EXERCISE
Drop the images; return everything else in the listing below exactly.

SOURCE MATERIAL
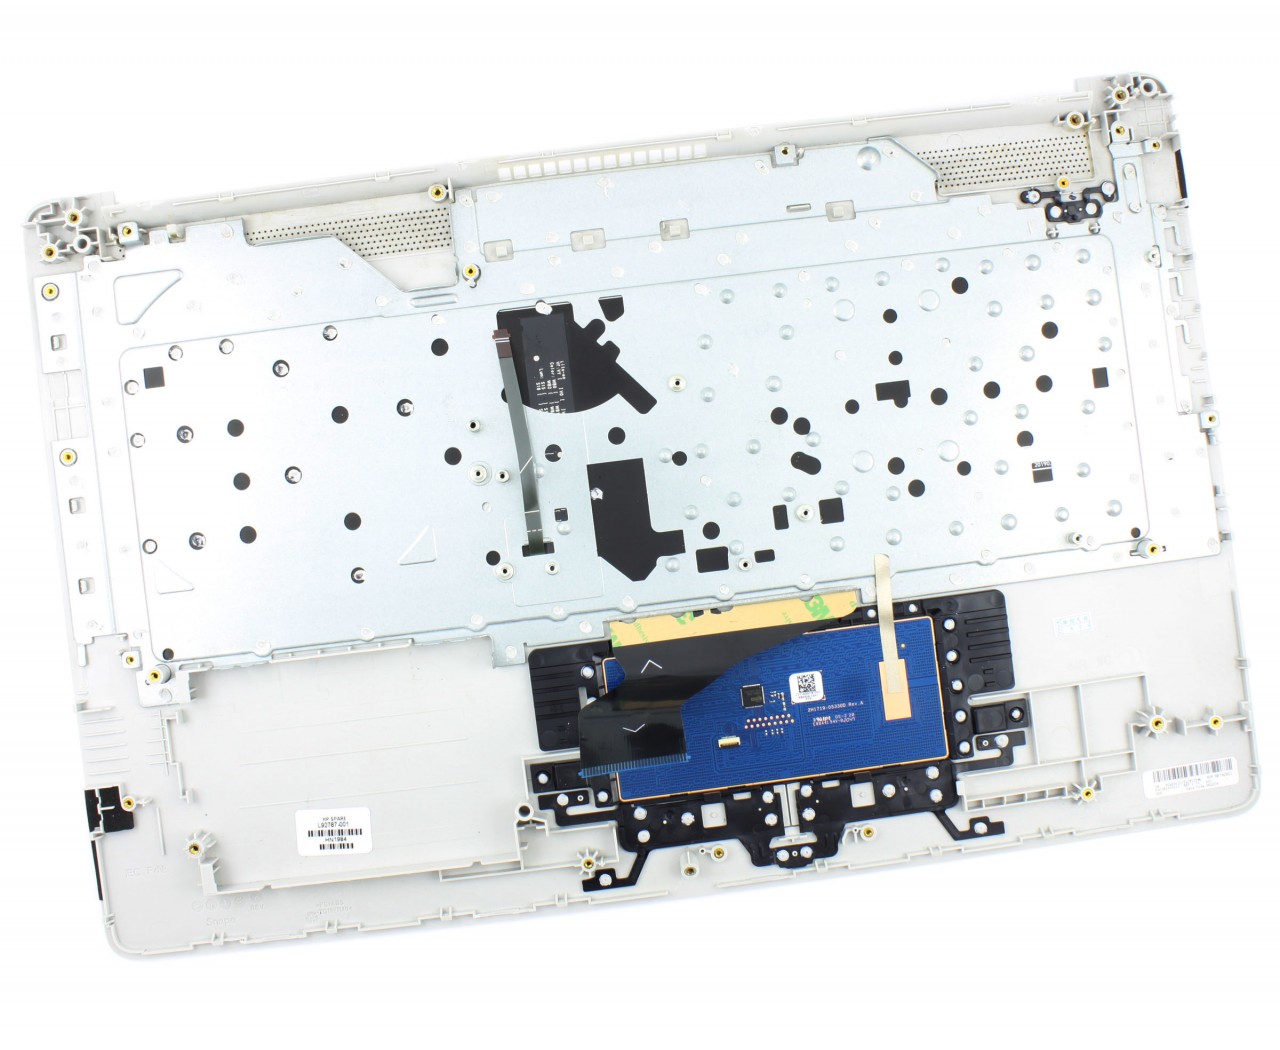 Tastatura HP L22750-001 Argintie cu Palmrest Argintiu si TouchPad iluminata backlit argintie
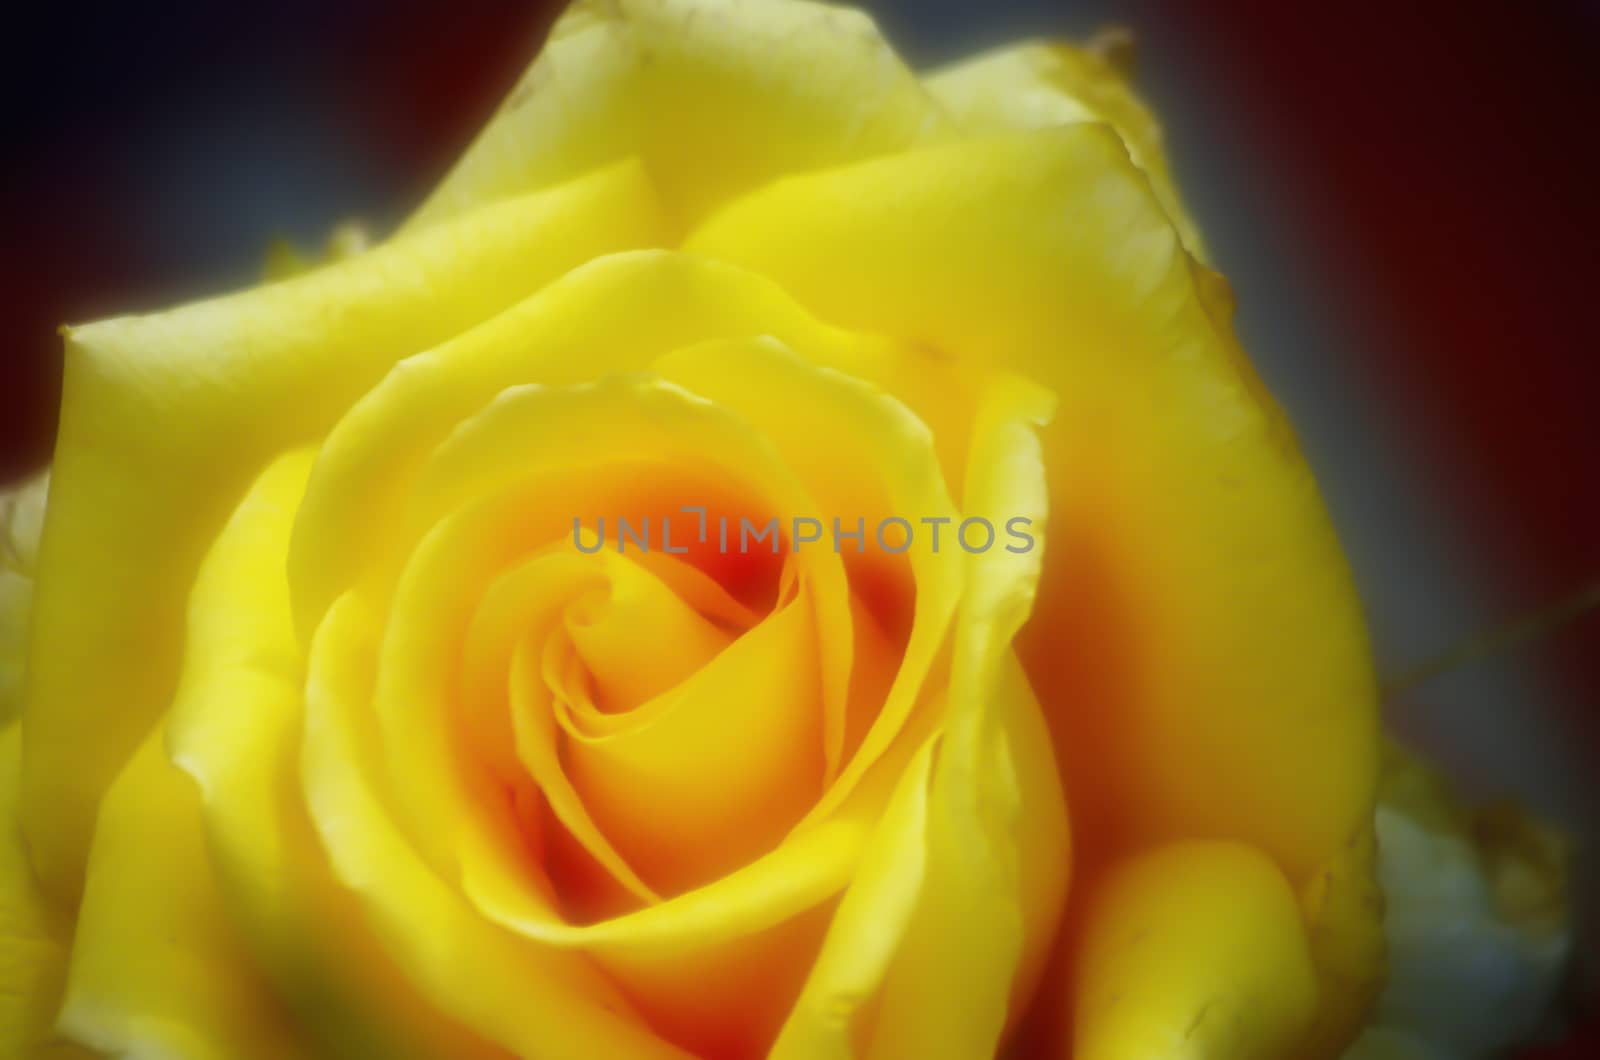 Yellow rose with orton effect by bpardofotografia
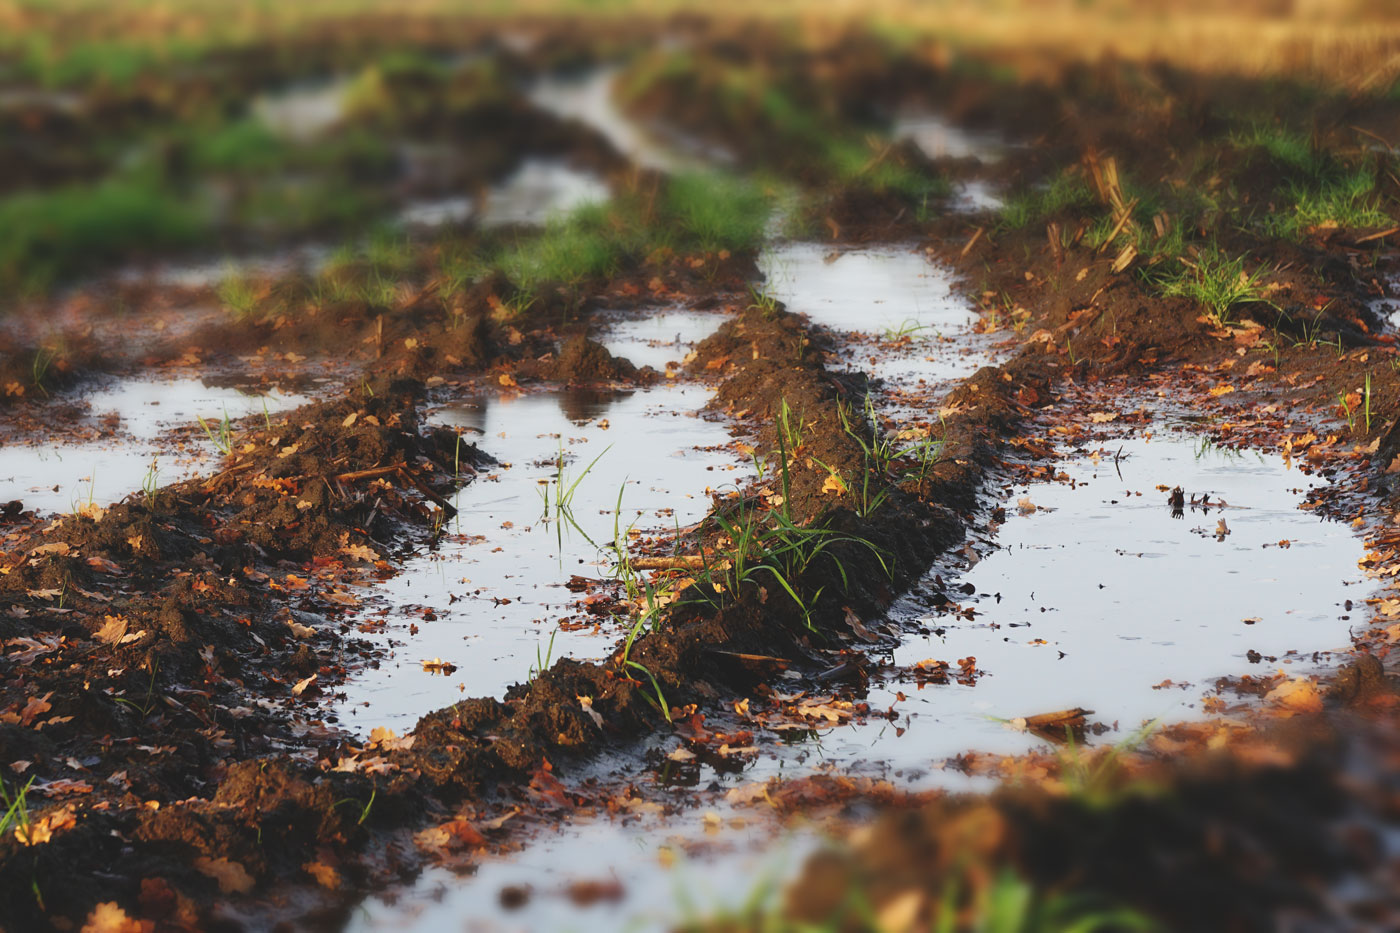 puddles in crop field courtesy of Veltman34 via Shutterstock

REPLY
 Tastatura HP L22750-001 Argintie cu Palmrest Argintiu si TouchPad iluminata backlit argintie
 Yellow rose with orton effect by bpardofotografia
 puddles in crop field courtesy of Veltman34 via Shutterstock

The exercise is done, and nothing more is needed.